En los mentideros eran muy comentadas, como las corruptelas de Francisco de Sandoval y Rojas (1552-1623), Duque de Lerma y valido de Felipe III. Este noble se enriqueció a base de nepotismo, malversaciones, fraudes contables y especulaciones urbanísticas con motivo del traslado de la Corte de Madrid a Valladolid. No obstante, este es uno de los casos en los que sí tuvo que pagar multa, ya que cuando el Conde-Duque de Olivares pasó a ser el valido del rey, Lerma fue juzgado y condenado a pagar 72.000 ducados anuales al erario real, más atrasos, por sus dos décadas de corrupción.
Corrupción fuera de España
Dicen que mal de muchos, consuelo de tontos, y un poco de cara de tonto sí se te queda al ver el panorama fuera de nuestras fronteras. En Inglaterra, por ejemplo, cuentan con George Villiers (1592-1628), primer duque de Buckingham (el mismo que sale en la novela Los Tres Mosqueteros de Dumas), que fue ascendiendo en la corte del rey Jacobo I, con el que las malas lenguas le atribuyen una relación sentimental, y de su sucesor Carlos I (con el que no se sabe si hubo tema o no).
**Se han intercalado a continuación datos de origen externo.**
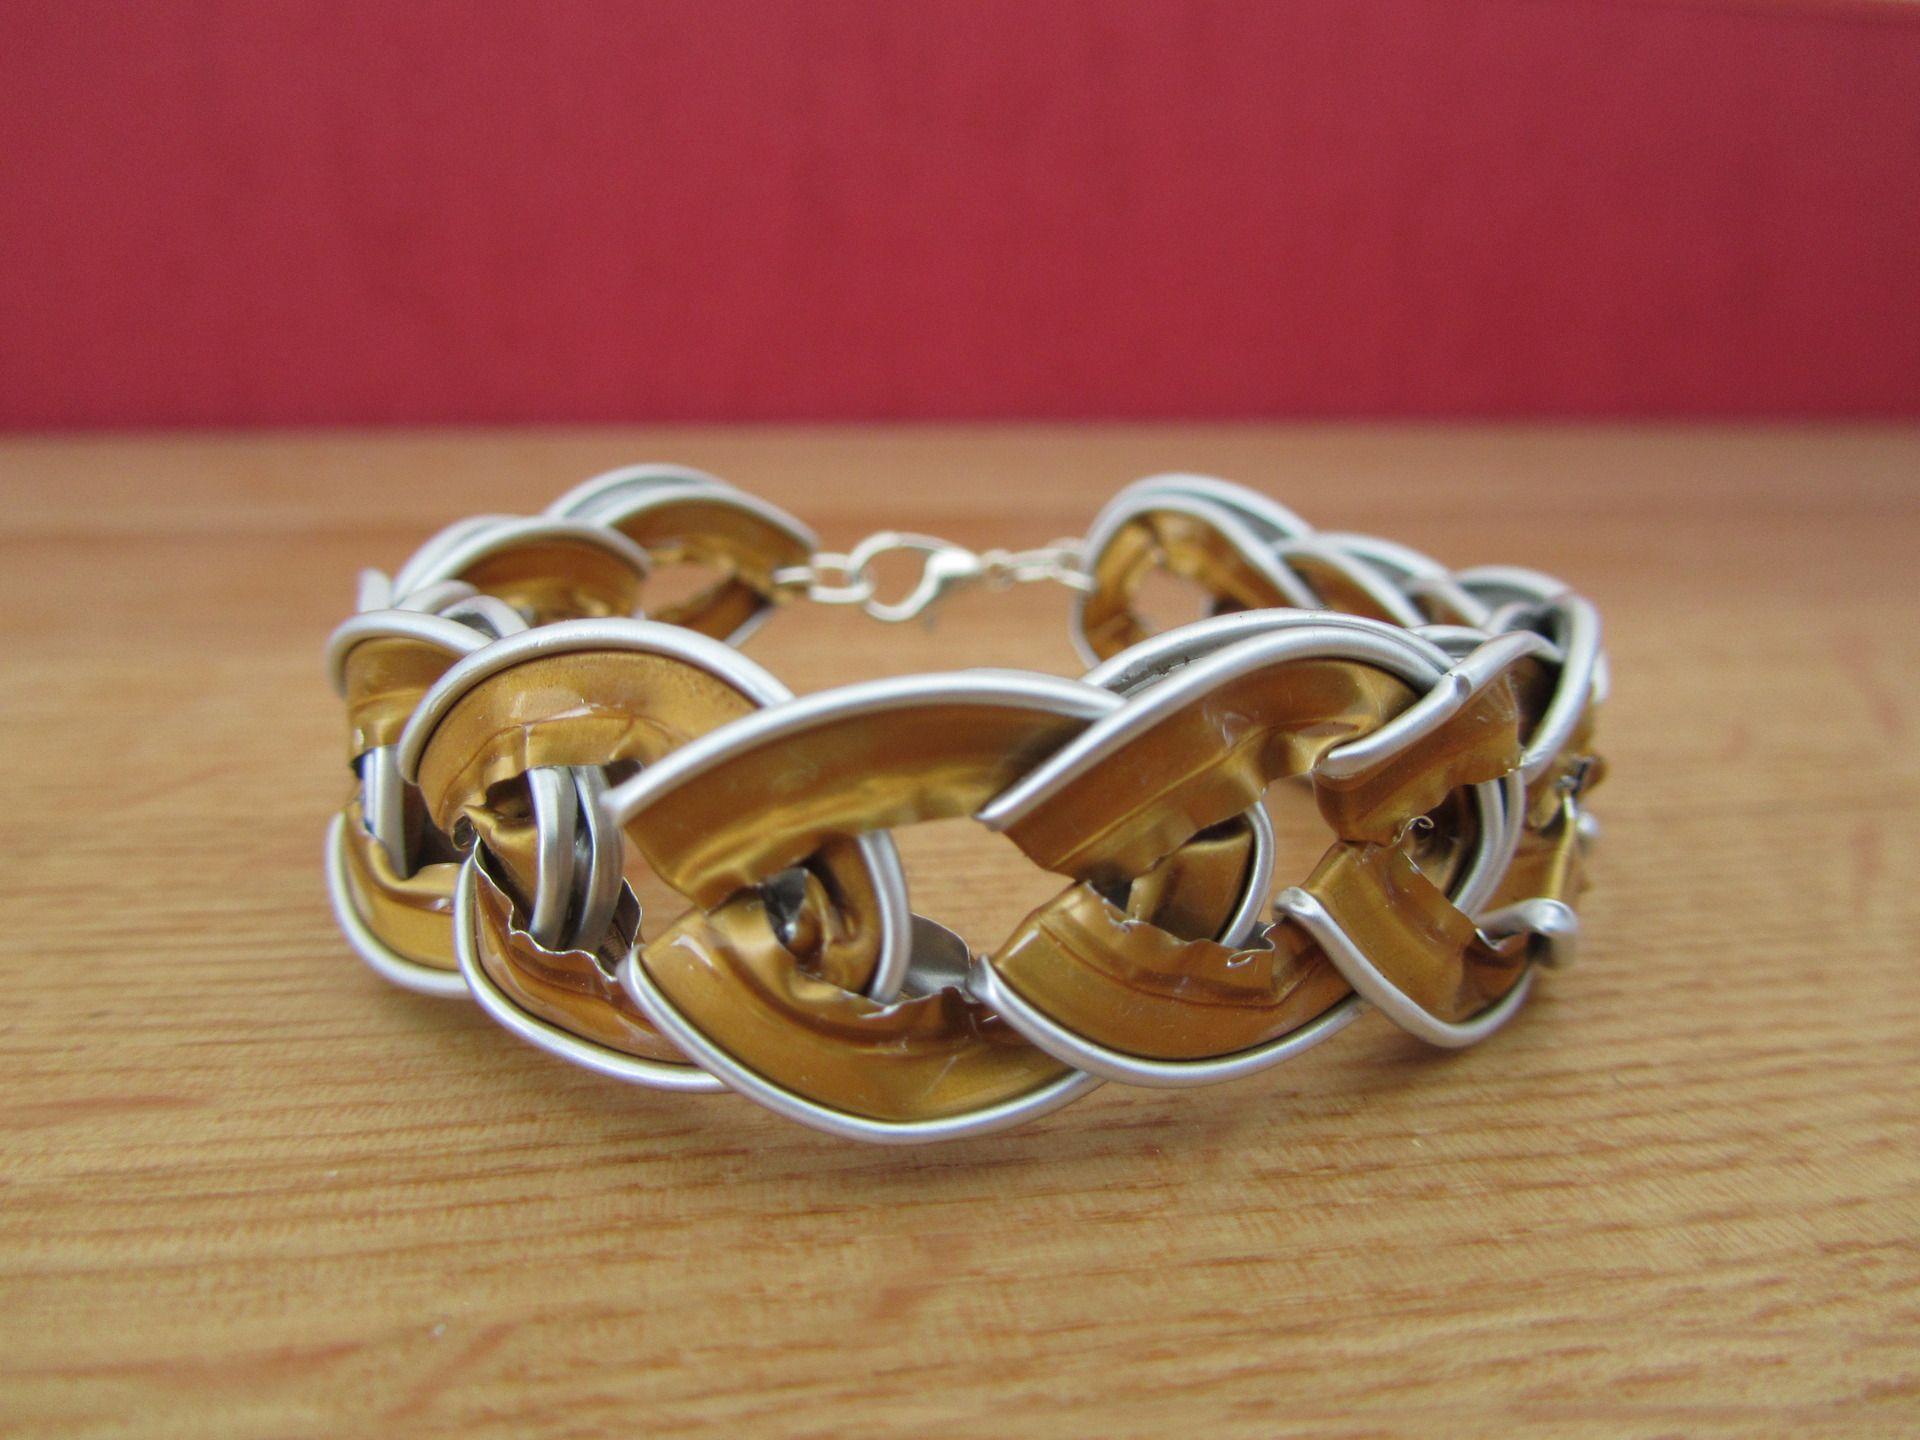 bracelet fantaisie capsules nespresso couleur dor bracelet par creations lili macaron cj. Black Bedroom Furniture Sets. Home Design Ideas

Este señor tan espabilado creó nuevos tributos y vendió privilegios, lo que le ayudó a lucrarse tremendamente. Cuando el Parlamento inglés le estuvo investigando por irregularidades consiguió cargarle el mochuelo a uno de sus hombres, el filósofo Francis Bacon, que a la sazón era Lord canciller del Tesoro. El filósofo renunció a sus cargos, asumió las penas económicas y fue proscrito. Buckinham acabó sus días apuñalado a orillas del Támesis, víctima de la trama de intrigas que había contribuido a crear. Sin embargo la campaña de marketing que había desarrollado en vida dio sus frutos al fallecer y es el primer inglés que no pertenece a la familia real en ser enterrado en la Abadía de Westminster, al lado de Jacobo I.
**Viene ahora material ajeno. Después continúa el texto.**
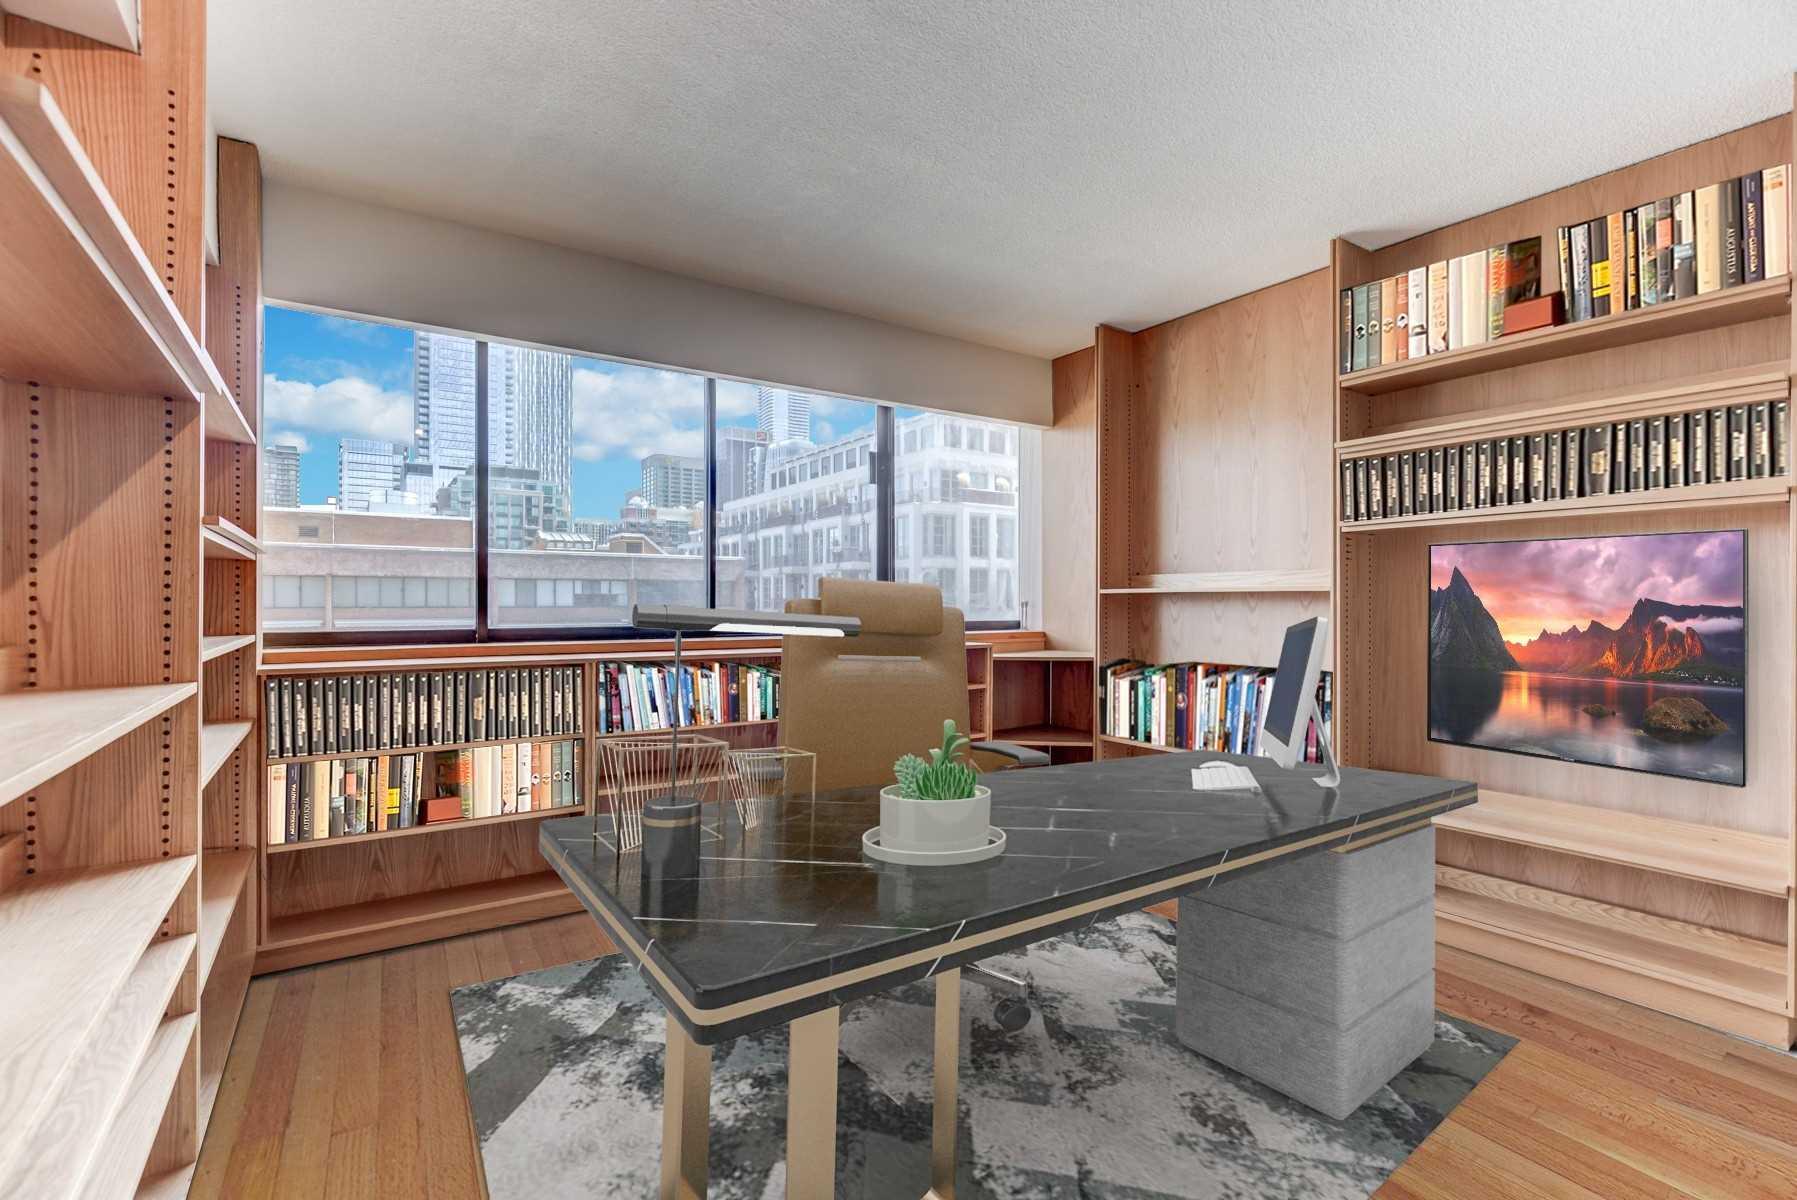 607 - 55A Avenue Rd - Annex Condo Apt for sale, 2 Bedrooms (C5185690) - #7

Evidentemente, no puedo acabar el artículo sin mencionar a los franceses cuyo abuso devino en la Revolución de 1789. Un fichaje para nuestra lista puede ser el cardenal Mazarino (1602-1661), que fue primer ministro de Francia y bien conocido por su codicia. La reina Ana de Austria comentó de él que “estaba tan aferrado al dinero que cometió bajezas indignas de su rango. Lo vendía todo, oficios y beneficios, y hacía comercio con todo”.
Mazarino fue el hombre más rico de su tiempo, y su patrimonio, que a su muerte fue legado al rey de Francia, equivalía a los fondos del Banco de Ámsterdam: 35 millones de libras. No solo podía aumentar los impuestos sin consultar con nadie, sino que además mantuvo una red de informadores, sus “criaturas” que le tenían al tanto de todo lo que ocurría en cualquier rincón de Francia y no cabe duda de que su colaboración ayudó a hacer de Francia un país más poderoso.
Fuentes:
El duque de Lerma: corrupción y desmoralización en la España del siglo XVII. A. Alvar, La esfera de los libros.
Estado débil y ladrones poderosos en la España del siglo XVIII. S. Madrazo, Los libros de la Catarata.